Still, the leader of the world's largest asset manager said
recent stock market weakness was "more of a buying opportunity
than a selling opportunity," in the long run, and did not pose
systemic risks. "That doesn't mean we can't fall another 20%
from here too," he said.
Fink was among the first Wall Street executives to weigh in
publicly on the market meltdown after U.S. President Donald
Trump announced major tariffs last week. On Monday, Trump
threatened another 50% tariff on Chinese imports, pushing the
S&P 500 toward a 20% drop from its February high.
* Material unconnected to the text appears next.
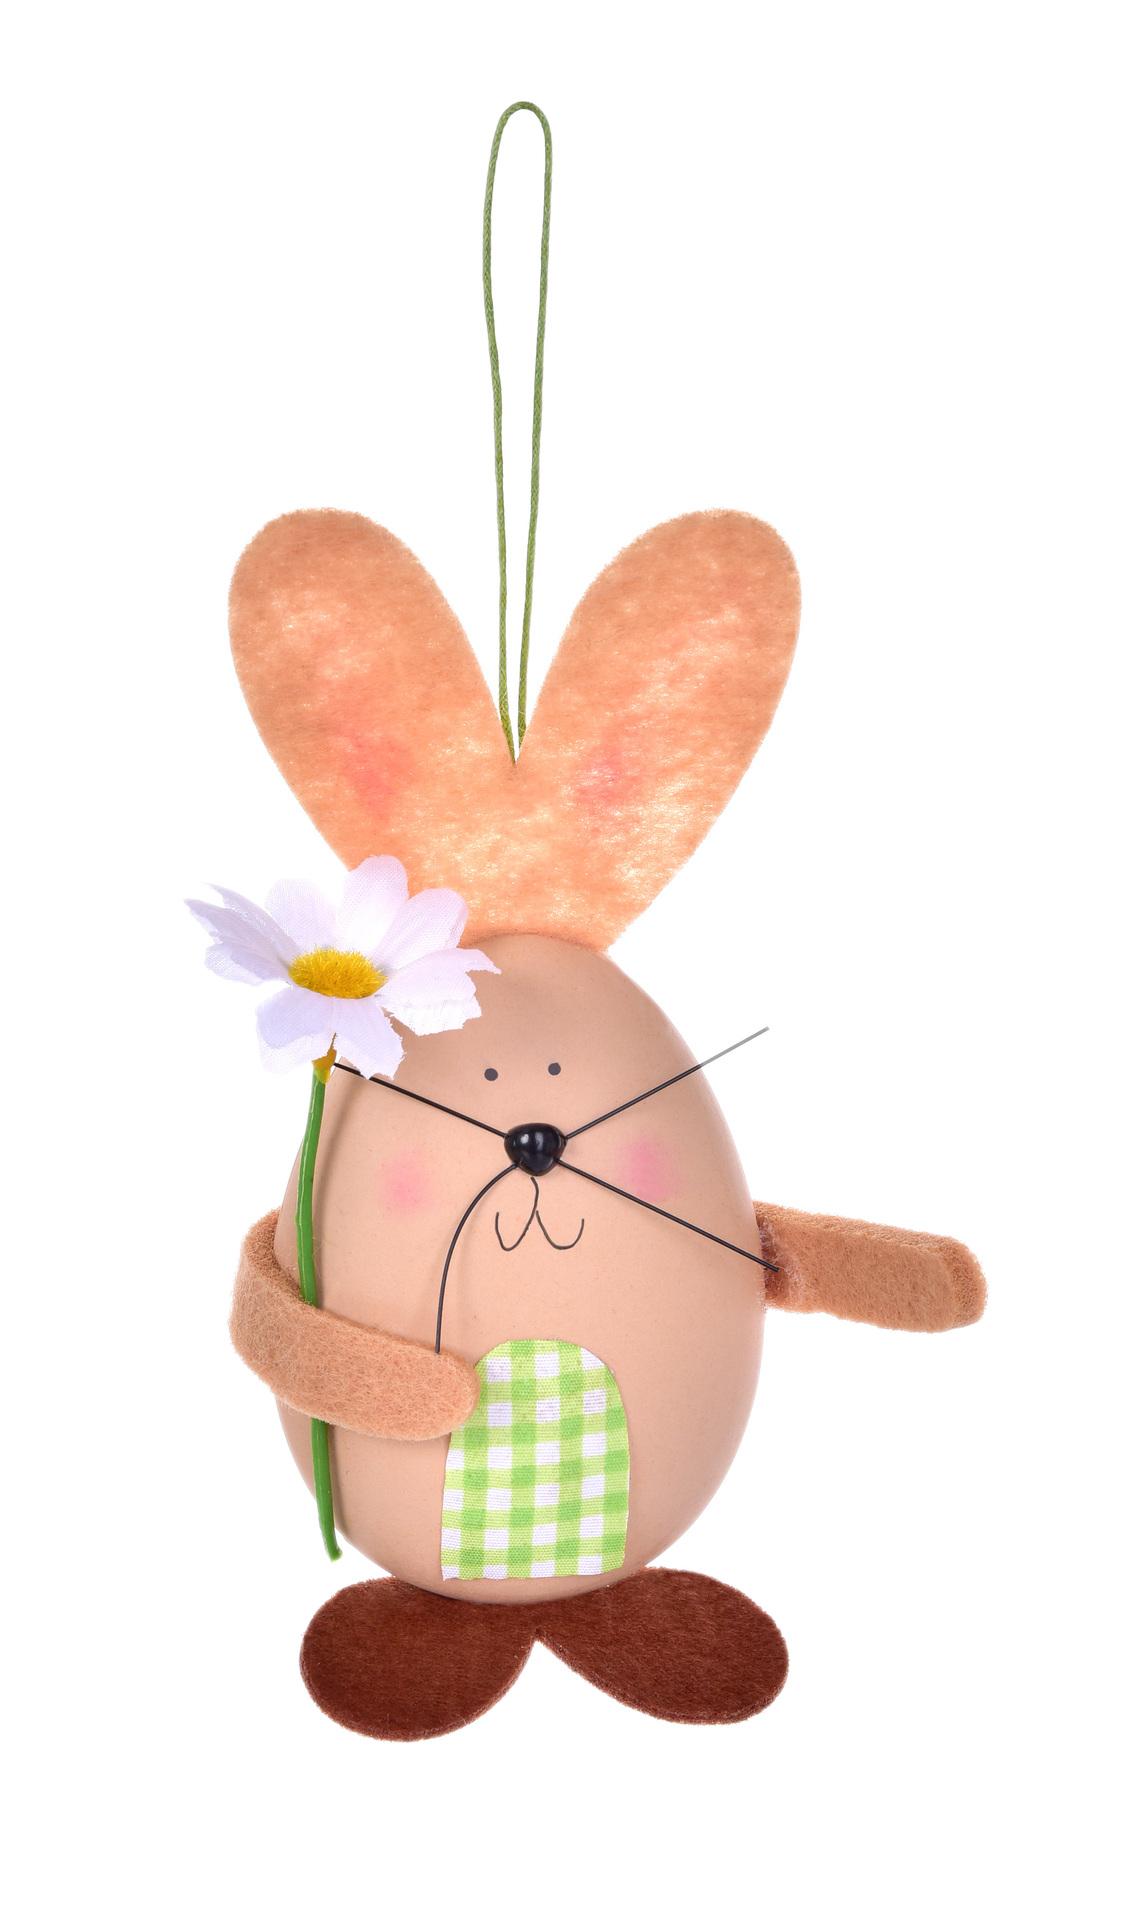 15 cm zajíček - vajíčko, velikonoční závěsná dekorace, s propracovanými detaily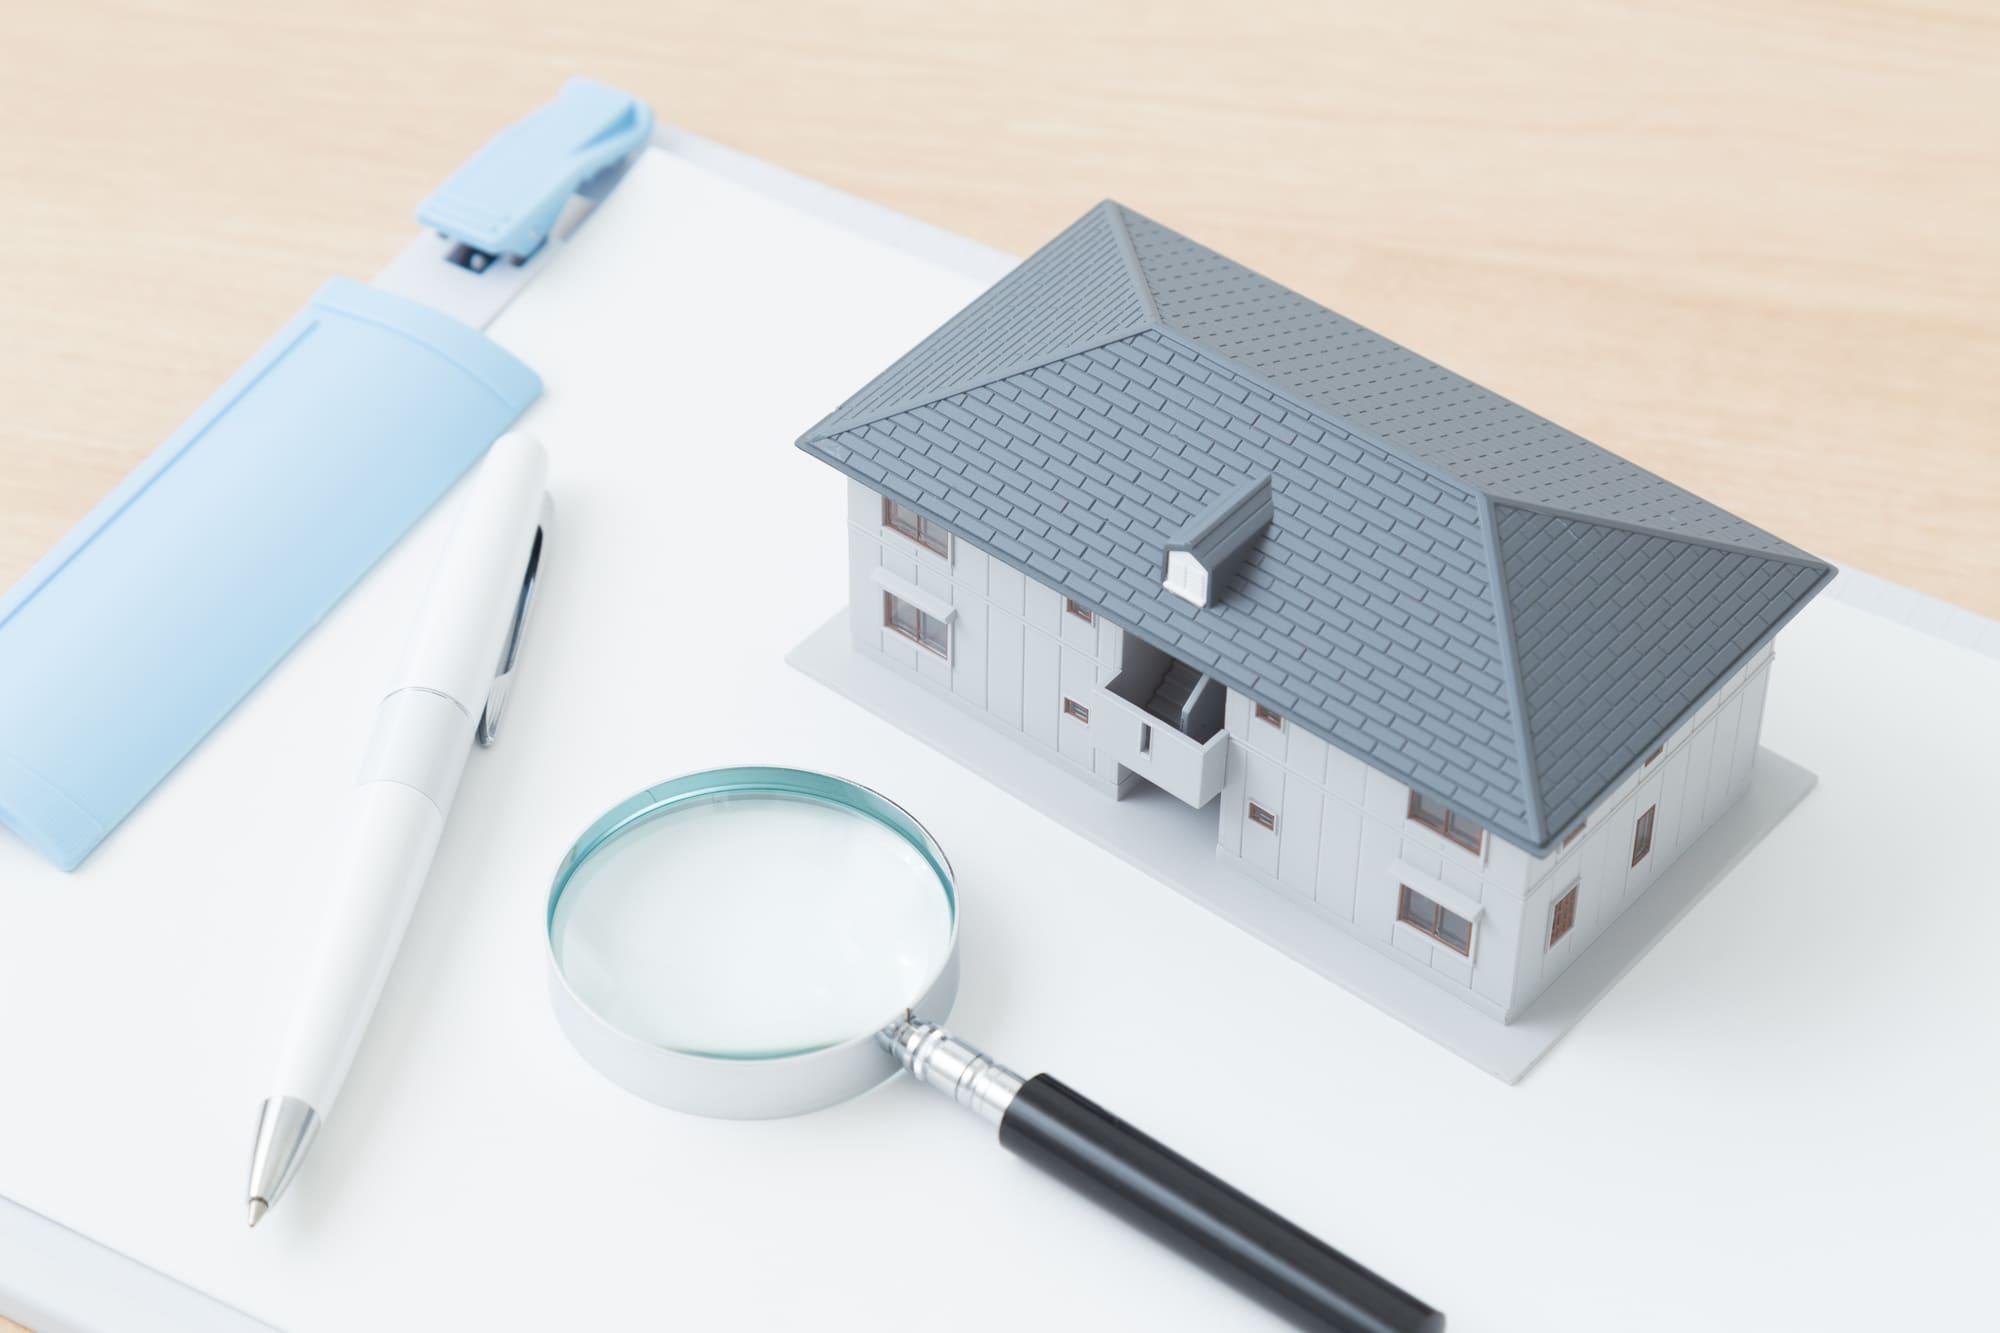 新築なのに賃料設定が安すぎる?賃料査定で損失を防ぐことができます。

While Fink declined to discuss the administration's
pressure on law firms
, he expressed concern that the U.S. could lose its place as
the leader of capital markets.
Fink said he sees no chance that the Federal Reserve
would cut interest rates four or five times this year given the
inflation outlook.
BlackRock ( BLK ) could face nine more months of regulatory
review to close a deal with Hong Kong-based CK Hutchison that
for
control of important
ports near the Panama Canal, Fink said. The transaction was
driven by commercial interests, rather than geopolitical
considerations, said Fink, who said he discussed the deal with
U.S. policy makers.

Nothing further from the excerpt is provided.